What steps can people take right now to ensure their lives are as long, happy and healthy as possible?
This is the question a new speaker series by the University of British Columbia’s Healthy Aging Program hopes to answer.
The current chair of the program, Michael Kobor, says they still don’t know all the answers, but they do know where some of the secrets lie. Good nutrition and exercise are obvious ones, but less researched areas are important too.
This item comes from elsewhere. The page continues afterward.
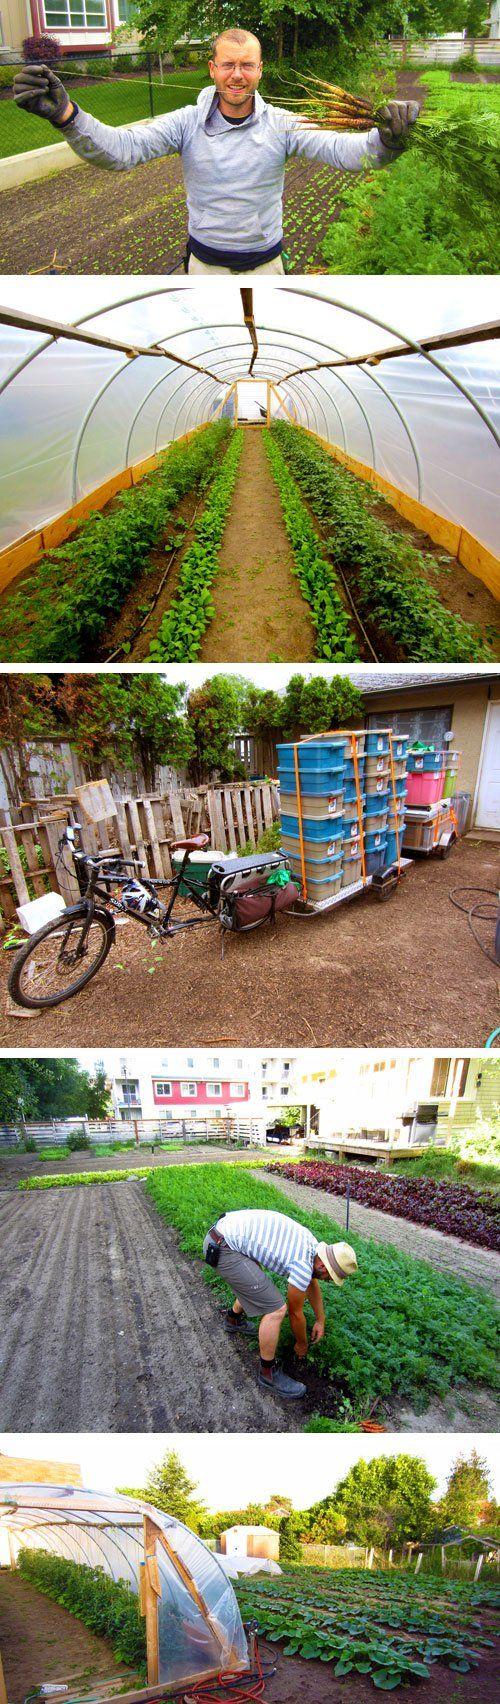 Pinterest the world s catalog of ideas - Profitable crops small plots ...

“There are also psychosocial aspects, like belonging and having a purpose in life,” Kobor says.
A leading expert in epigenetics, Kobor has devoted years of study to examining how people’s behaviours and environments can impact their genes. These changes can alter how people’s bodies interpret their own DNA, possibly influencing health and diseases in the long-term.
Kobor won’t be speaking during the series, but he is helping to put together its lineup.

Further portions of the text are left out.